Para uma história com essa sensibilidade, o ambiente construído é adequado e cumpre bem seu papel. A trilha sonora, mesmo sem grande destaque, é de excelente qualidade e complementa os episódios de forma discreta, mas eficiente, ajudando a compor a atmosfera sem tirar o foco dos acontecimentos principais.
Embora o romance esteja presente, ele não assume o papel central da narrativa. Em vez disso, o foco maior é colocado no amadurecimento dos personagens, tanto os protagonistas quanto os secundários. O envolvimento amoroso aparece como uma meta que eles podem alcançar, não como algo que guia a trama o tempo todo. A prioridade está nas transformações internas e no crescimento emocional dos personagens.
Os momentos de humor e os episódios mais românticos aparecem ao longo da história, mas de forma ocasional. O anime trata, acima de tudo, das situações comuns da adolescência e das dificuldades emocionais que podem surgir nesse período. A atmosfera, no geral, é mais séria do que a de outros animes do mesmo gênero, o que traz um tom mais realista à obra.

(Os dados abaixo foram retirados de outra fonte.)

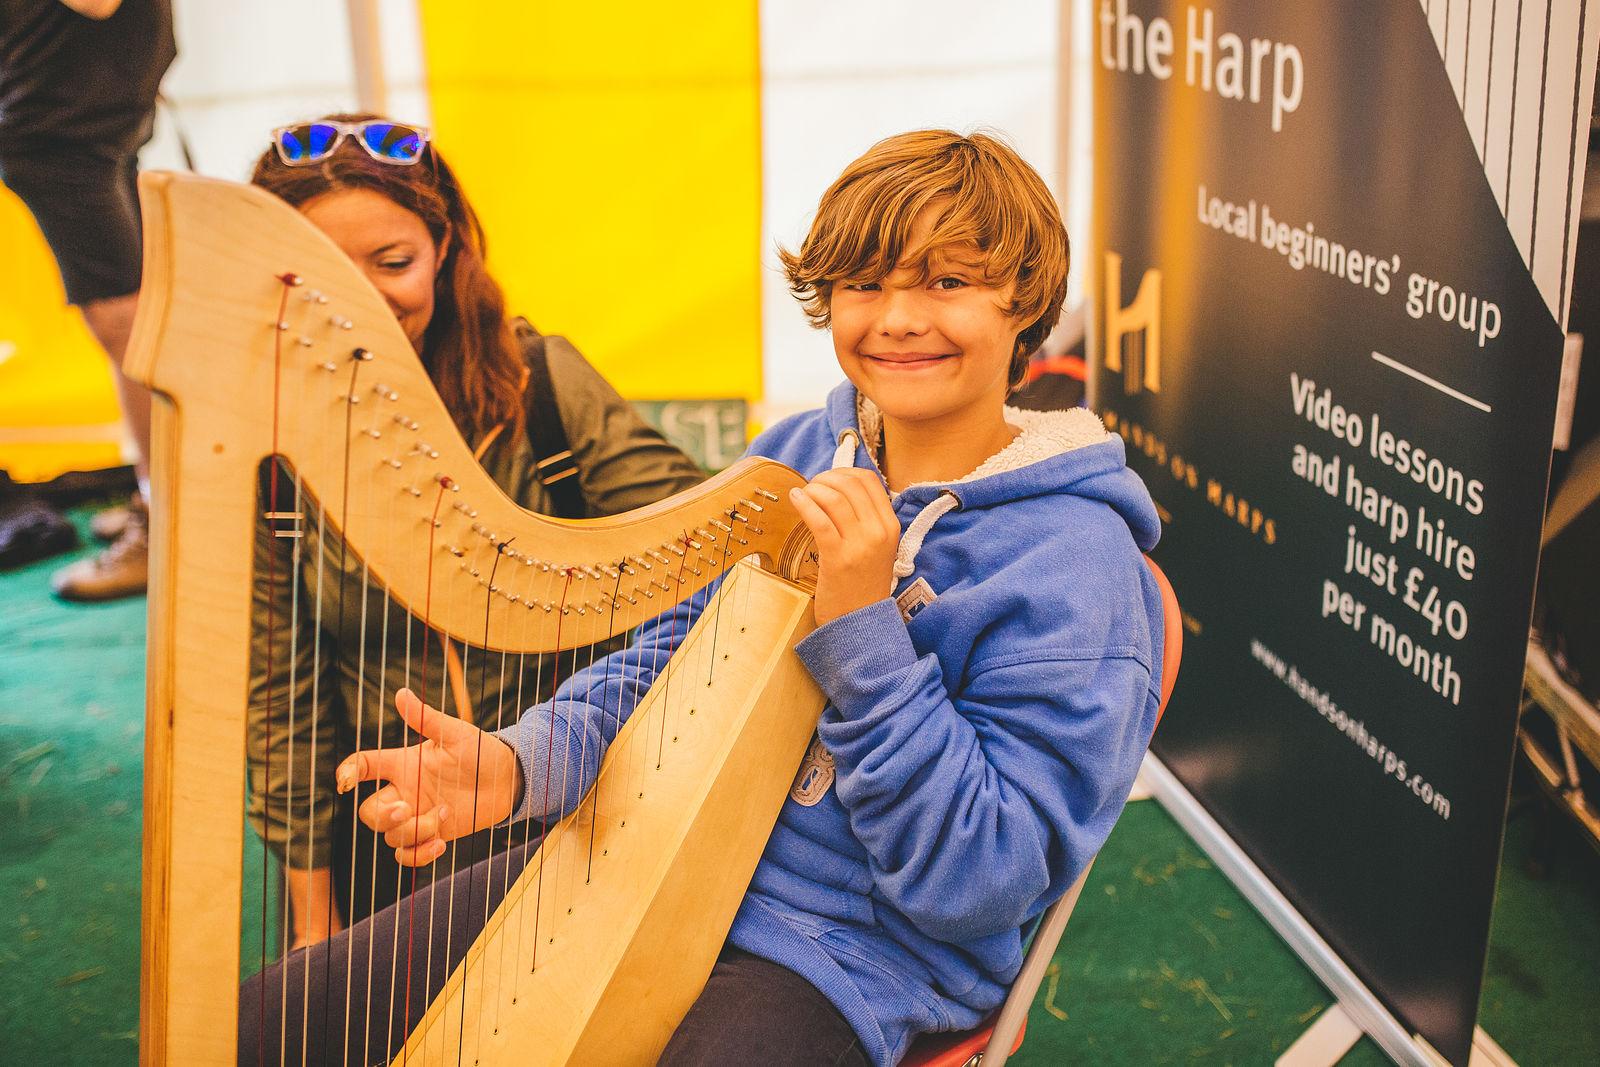 Harp Workshop

É importante mencionar que o anime termina sem entregar uma conclusão definitiva. A história permanece em aberto, o que pode deixar uma sensação de incerteza em quem espera uma resolução clara. Para descobrir o desfecho completo da narrativa, é necessário continuar acompanhando a história através do manga.
Ao Haru Ride é um slice of life que aposta em realismo emocional e reflexões sobre a vida. A obra vale a pena tanto pelo entretenimento quanto pelas pequenas lições que transmite sobre amadurecimento e relações humanas.
Para quem quiser assistir, o anime Ao Haru Ride (ou Blue Spring Ride) está disponível na Crunchyroll. A versão live-action, de 2023, está disponível com legendas em português na plataforma Viki. Já o mangá está à venda no Brasil pela editora Panini, também em português.